The Cannes Classics strand, which showcases restored films and documentaries about cinema, scored the festival’s biggest coup with the world premiere of Jean-Luc Godard’s final work, a posthumous short film that, in true Godard fashion, is pitched as a trailer for a different film that will never exist. Less poignant, but interesting nonetheless, was the documentary Room 999, a sequel to Wim Wenders’ 1982 effort Room 666. This time around, the German director was one of the interviewees on the subject of the future of cinema. A repetitive exercise, with streaming singled out as the main culprit should the art of motion pictures die out, but select answers were more thought out or just admirably weird, such as Kirill Serebrennikov’s completely wordless take on the matter.
Speaking of streaming, HBO Max (or rather, just Max) was also in the Cannes Classics program with the first part of its tribute to Warner Bros’ 100th anniversary, but the real oddity was the surprise comeback of Netflix. Famously barred from the Competition due to a 2018 clause that makes it mandatory for all entries to have a traditional theatrical release in France, the company was one of the producing partners involved in this year’s opening film, Maïwenn’s Jeanne Du Barry.
And giving the opening slot to that movie, a confused period piece that tries to be irreverent and conventional at the same time, was the perfect metaphor for the festival’s current condition, as it tries to embrace modernity while staying true to its decades-long traditions. Johnny Depp, a major talking point prior to the premiere due to his troubled recent legal history, was surprisingly subdued both on and off screen, underplaying as Louis XV (probably because he had to deliver his lines in French) and then putting his supposed comeback in perspective, showing a more realistic worldview than his most ardent fans.

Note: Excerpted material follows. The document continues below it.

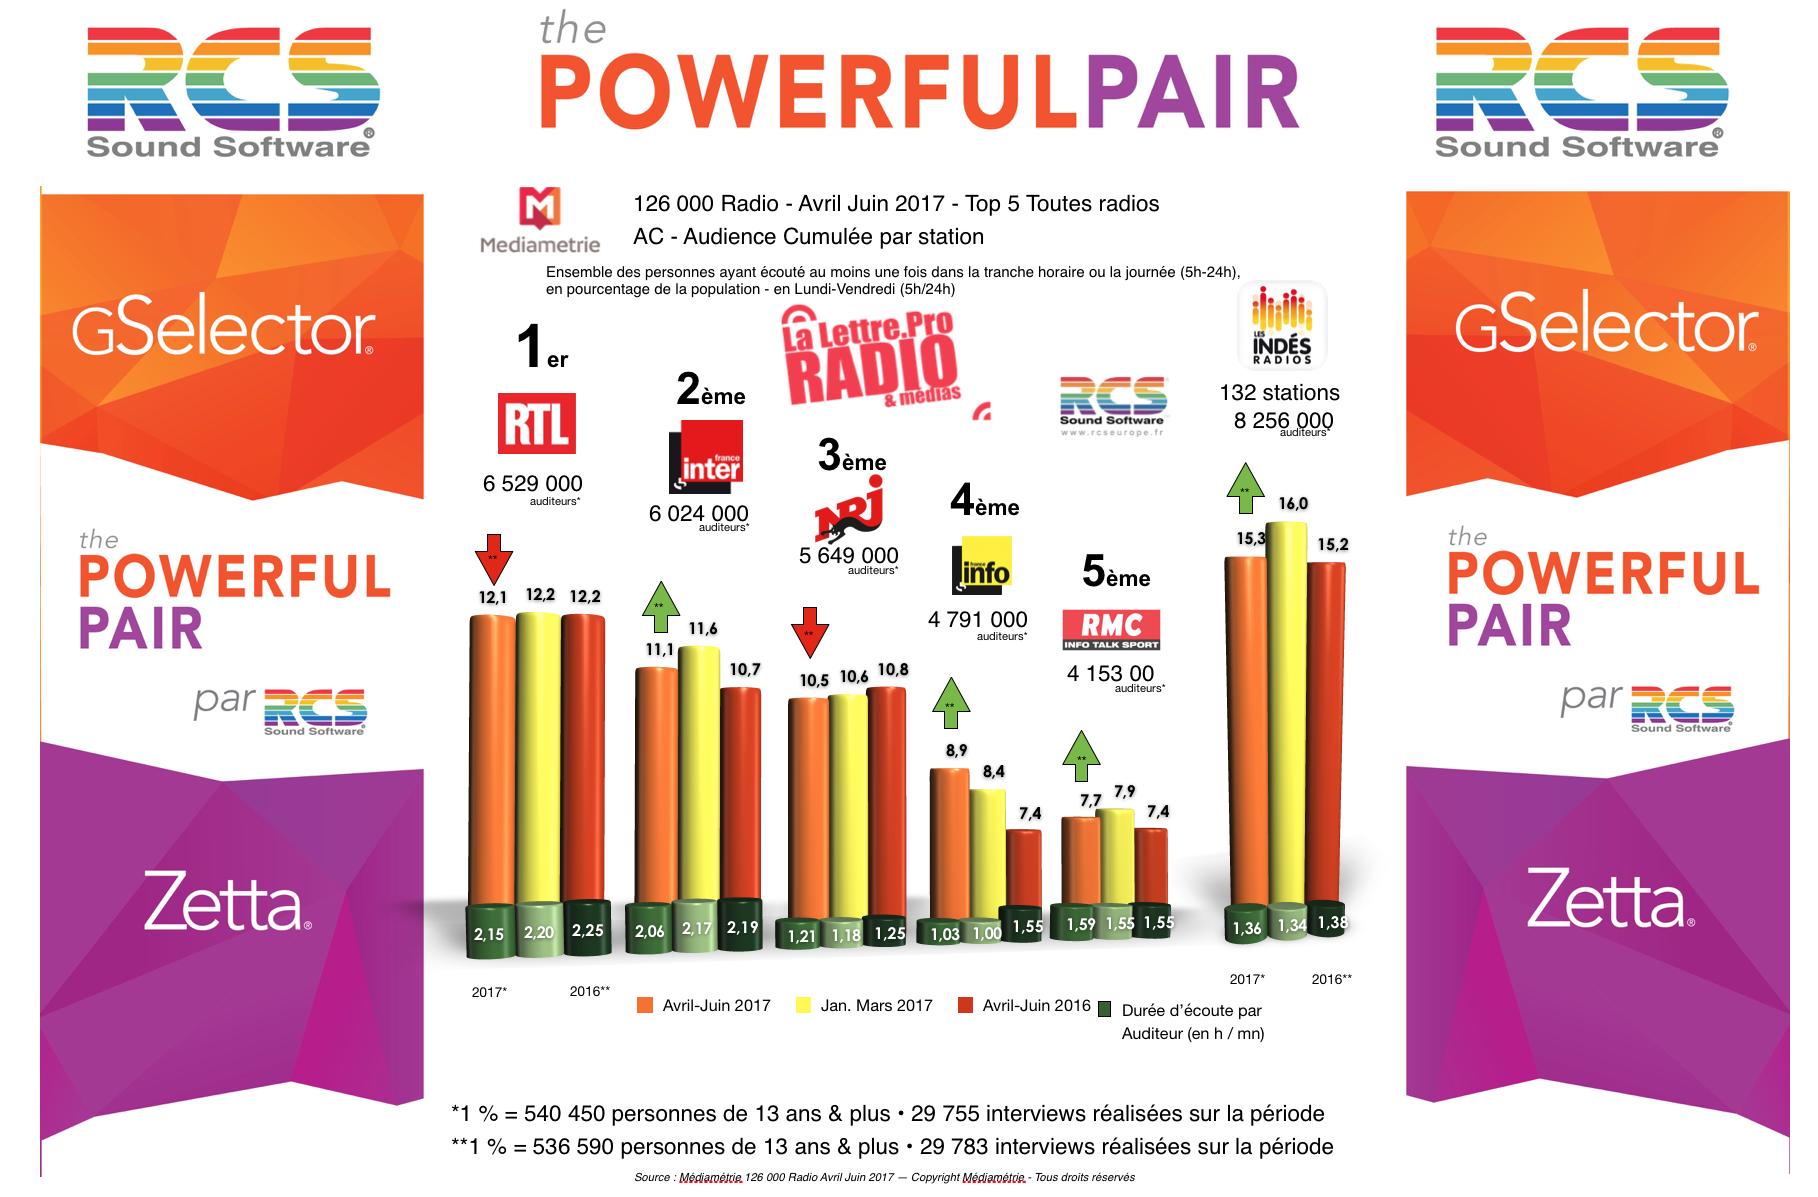 Diagramme exclusif LLP/RCS GSelector Zetta - TOP 5 toutes radios confondues en Lundi-Vendredi - 126 000 Radio Avril Juin 2017

As for the closing screening, that honor went to Pixar’s Elemental, a charming, funny, and visually ambitious animated adventure that harkens back to the feel of simpler days for the Emeryville studio, back when Disney didn’t treat its crown jewel – animation – as though it were just a content farm for streaming platforms. As such, there’s a certain romantic mindset in the choice of giving the festival’s final slot, in the prestigious Grand Théâtre Lumière, to a film that is likely to face an uphill battle at the box office as a result of two years’ worth of destructive business decisions for Disney’s two animation studios.
The Mouse was also present with Indiana Jones and the Dial of Destiny, which managed to pull off the near impossible task of making some attendees nostalgic for the Cannes screening of Kingdom of the Crystal Skull fifteen years ago. And yet, James Mangold pulled off the kind of old-fashioned adventures the previous installment had partially undermined with its CGI excesses, giving our favorite archeologist the send-off he deserves.
Of course, it would have been nice to let as many people as possible partake in that joy, but another casualty of the festival’s programming bulimia was Indy’s curtain call having only two screenings, as opposed to the usual four or five. Granted, everyone will be able to see the movie a month from now, but the idea of Indiana Jones being a niche phenomenon in the context of the world’s most prestigious film festival sort of says it all about how the event has become too big for its own good. It’s no longer about promoting cinema as a versatile art form, it’s about having the largest collection possible, viewers be damned.